Tuesday, August 7, 2007

Letter from Burma (No. 19) by Aung San Suu Kyi

Mainichi Daily News
Monday, April 1, 1996

BOH AUNG GYAW REMAINS AN INSPIRATION TO STUDENTS
"A Few Introductions (2)"

Among the group of Burmese cadets with whom U Lwin went to Japan for military training in 1943 was a young man who became a particularly close friend and later, his brother-in-law: U Kyi Maung. At university, U Kyi Maung had been active in the students' movement for independence. In 1938, he marched at the head of demonstration holding aloft the flag of the Students' Union. Mounted police sent to stop the demonstration rode into the ranks of the students with batons swinging. U Kyi Maung was one of the first students to be struck down, hit in three places on the head. Another student marching close behind him, Ko Aung Gyaw, also received on the head a single sharp blow that knocked him down. A few hours later, the young man died from his injuries in the hospital, causing great anger throughout the country and raising the tempo of discontent against the colonial government. "Boh Aung Gyaw," as the student martyr came to be known, remains an inspiration to students fighting for justice and freedom today. At the outbreak of the war, U Kyi Maung joined the Burma Independence Army, where he came to know many of the men who would form the core of the armed forces of independent Burma. A staunch believer in the importance of an apolitical, professional army, he was strongly opposed to the military takeover of 1962. It was thus hardly surprising that in 1963, at which time he was serving as the commander of South Western Command, he was asked to retire from the armed forces.
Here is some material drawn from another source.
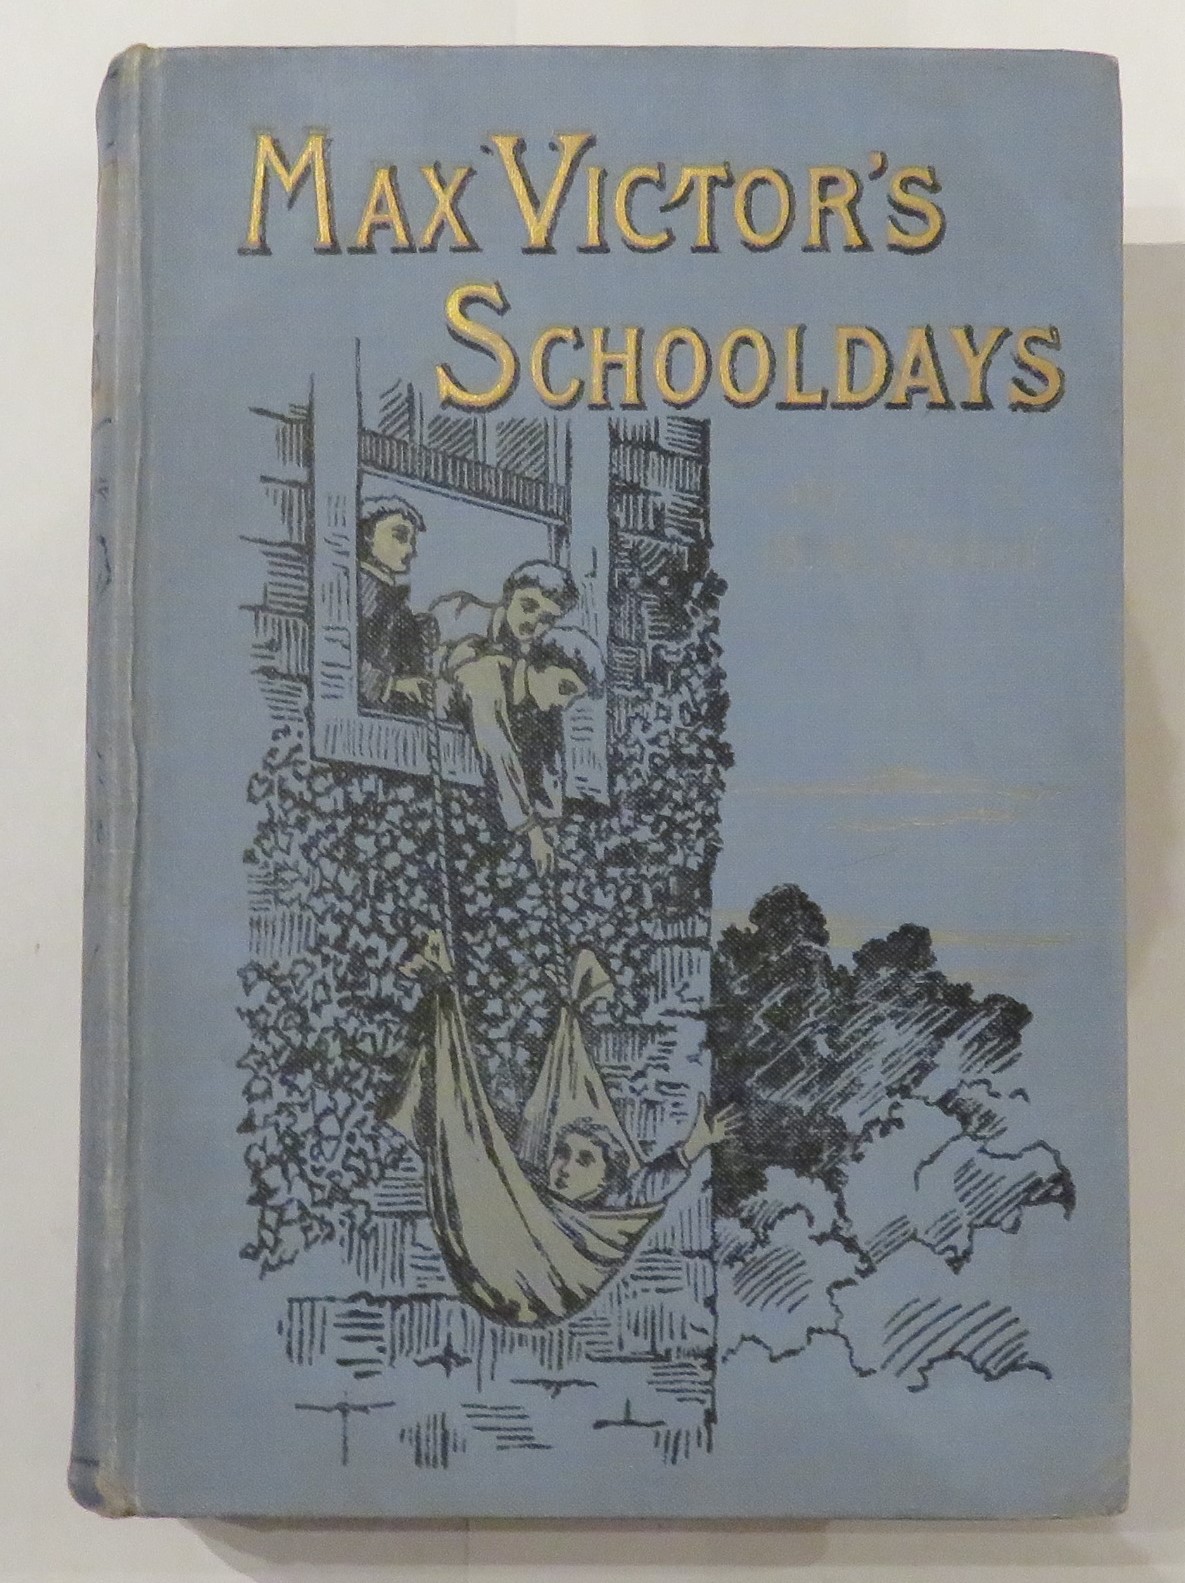 Max Victor's Schooldays

During the quarter century that followed his retirement from the army, U Kyi Maung was imprisoned twice, for a total of seven years, on suspicion of opposing the military, later the Burmese Socialist Programme Party, government. Soon after the outbreak of the democracy movement in 1988, U Kyi Maung was pulled into prison for the third time, but he was released within a month. In September 1988, he became one of the 12 members of the Executive Committee of the National League for Democracy. When U Tin U and I were placed under house arrest in July 1989, the Executive Committee of the NLD decided on collective leadership, but it would not be wrong to say that U Kyi Maung was the man who led the party to its resounding victory in the elections of 1990. After the first few weeks of euphoria, the people of Burma began to suspect that the authorities had no intention of honoring the results of the elections. Their worst fears were confirmed when U Kyi Maung was arrested in September 1990, tried by a military tribunal and sentenced to 20 years' imprisonment. He was, however, released in March 1995.

Another eminent leader of the NLD released on the same day as U Kyi Maung was U Tin U. As chairman of the NLD, he had been placed under house arrest in July 1989 and in December of the same year tried by a military tribunal and sentenced to three years' imprisonment. When the end of his prison term was approaching, he was tried again on the same charges as previously and given another prison sentence of seven years. The years U Tin U spent in Insein Jail from 1989 to 1995 were his second stint in the infamous prison. His first period of incarceration had lasted from 1976 until 1980. U Tin U joined the army as a mere 16-year-old in 1943. After the war, he was included in the 150 Burmese officers to be given commissions in the reorganized Burma Army which formed the basis of the nation when it became independent. During the 1950s, he was twice awarded for valor shown in action against Kuomintang troops which had fled into Burma at the time of the communist victory in China. He rose rapidly from rank to rank through the 1960s and early 1970s, and in 1974 he was appointed chief of Defense Services and minister of defense.

The year 1974 was also when the meanness of spirit shown by the authorities over the funeral of U Thant, retired secretary-general of the United Nations, scandalized the people of Burma and fermented anger among students already resentful of conditions imposed by the Burmese Way of Socialism. In the course of disturbances related to this episode, and even more during the 1976 demonstrations by workers, U Tin U was hailed as a champion of the people. It is likely that his popularity with the public had much to do with his dismissal from the armed forces in March 1976. In September of that year he was arrested, charged and alleged misprision of treason and sentenced to seven years' imprisonment.

On his release from prison under a general amnesty program in 1980, U Tin U went straight to a monastery, where he stayed as a monk for two years. When he returned to lay life, he studied law and acquired the Registered Lawyers' certificate as well as the LL.B. degree. The democracy movement of 1988 drew him from a quiet, private life into the struggle to bring justice and human rights to Burma. He was appointed deputy chairman of the NLD in September 1988, and in December of the same year he replaced U Aung Gyi as chairman of the party.

This article is one of a yearlong series of letters, the Japanese translation of which appears in the Mainichi Shimbun the same day, or the previous day in some areas.